I look at a series of pencil portrait drawings of an old man. It is a man on his deathbed, Julie’s father, Peter. Some of the lines are short and strong, some drawn with pen, as to emphasize a physical presence. Other lines are long, with grey pencil, they seem almost caresses to me. In one of the drawings the area of one eye has been rendered lightly, or perhaps rubbed out a bit. More faded, they open up a sense of vulnerability.
I ask if she also drew her father after he passed away, thinking of my grand mother’s death drawings, but she hadn’t. She had made death drawings of her mother. This had been after Julie finished psychotherapy. Because her mother had died in such a developmental part of Julie’s life, she sees art making as a form of therapy. ‘Painting helps to gain self-knowledge, of how others impact on you and you on them. You become a better listener.’
One of them, “Swimmers in Wengen”, shows children around a swimming pool, and is based on a childhood memory of a holiday. Painted in oils, the strong blues and defined lines I find reminiscent of German expressionist painting.
Julie draws upon this memory to explore Thomas Mann’s novel ‘The Magic Mountain’, after she had been in hospital for 6 weeks following the diagnosis of lung disease. In the novel a young man who goes to Davos to visit a cousin, but ends up ill, staying for 7 years.

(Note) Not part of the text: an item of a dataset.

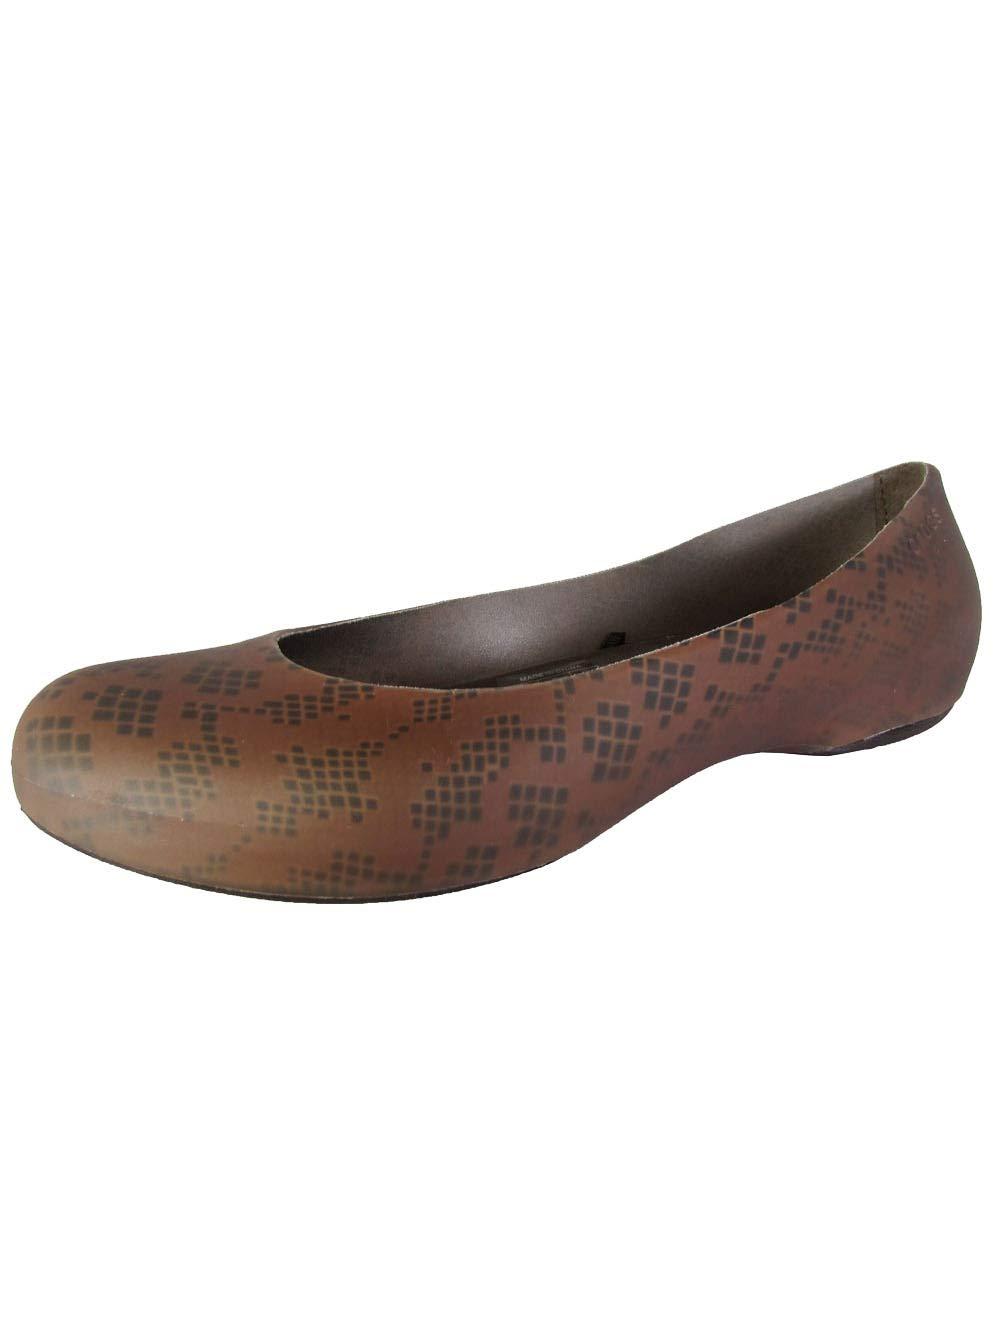 Crocs Women's Thermalucent Snake Flat,Bronze/Espresso,9 M US

On one level, the Magic Mountain is about disease, ‘not merely of individuals, but also of a whole age. Where disease appears as the prerequisite of spiritual growth, Mann plays his favourite theme of the polarity between spirit and life; the transcendence of this polarity in the name of humanism is central to the novel’. 1
I questioned Julie about what type of art, she feels, is suited for hospital walls. Should it be gentle and easy to look at? Or can it also be more intellectually challenging?
‘It could be both’, Julie feels. Just easy for the eye would be patronizing, she finds. It would bring ‘no “interruption” to the wall and its near space. People like more difficult work, as this can result in chatting and this brings people together either in consenting views or not. Good work that needs looking at and looking with brings contemplation away from the body, which is the very thing that brings patients into hospital.’ Julie talks specifically about risks that can be taken for works that hang in corridors, the more neutral spaces, not in wards. She states the positive role of paintings on a hospital wall: to cheer up the hospital environment, making it a more normal one, to have pictures and colour around.

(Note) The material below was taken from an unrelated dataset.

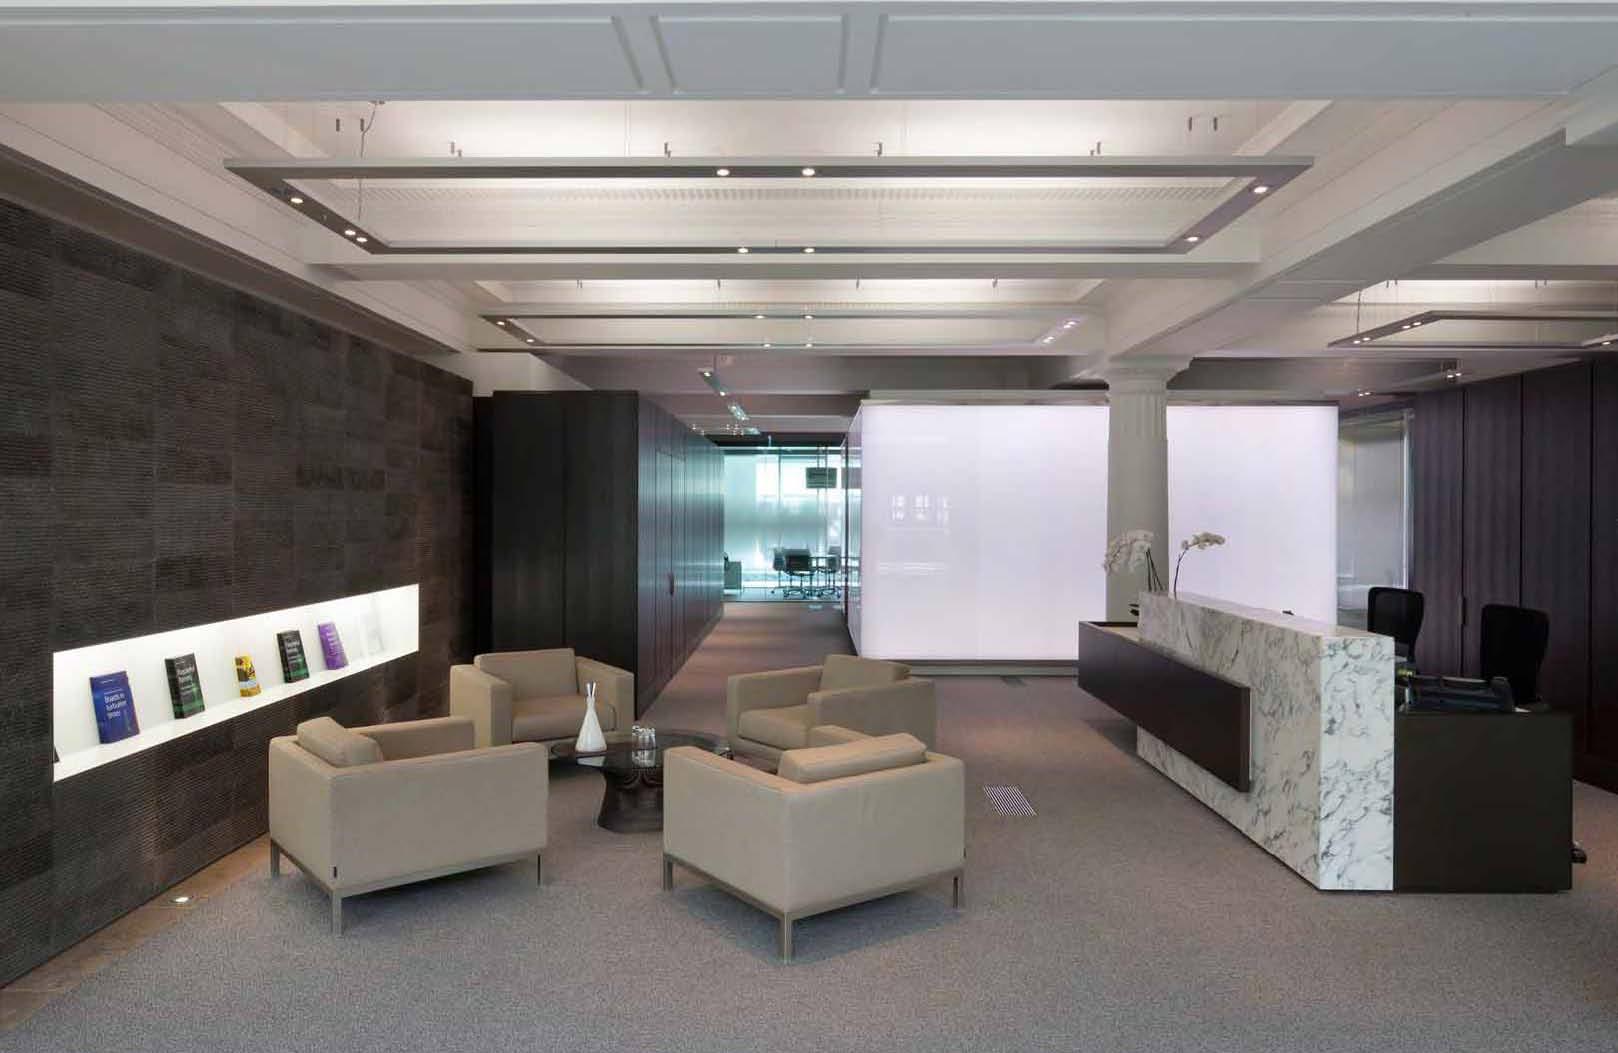 Heidrich & Struggles | Architectural lighting | The Light Lab

‘Munch, whose personal tragedies, sicknesses and failures fed his creative work, once wrote “My fear of life is necessary to me, as is my illness. Without anxiety and illness, I am a ship without a rudder…. My sufferings are part of my self and my art. They are indistinguishable from me, and their destruction would destroy my art.” 2
I would say that Julie takes after her inspiration. But instead of suffering turned into anxiety, Julie’s experiences have encouraged a love for life that energizes her art.
Marenka Gabeler LG, Nov 2020
I want to thank London Group members Julie Held, Bryan Benge, Judith Jones, Victoria Rance, Susan Wilson, Eric Fong and Suzan Swale for letting me interview them to inform this topic. This is an ongoing project. I continue my investigation and aim to include interviews with the other members I spoke to in subsequent articles. See below for further articles.
1 cliffsnotes.com The Magic Mountain
2 Lubow, Arthur. ‘Edvard Munch beyond the scream’, SMITHSONIAN MAGAZINE, MARCH 2006.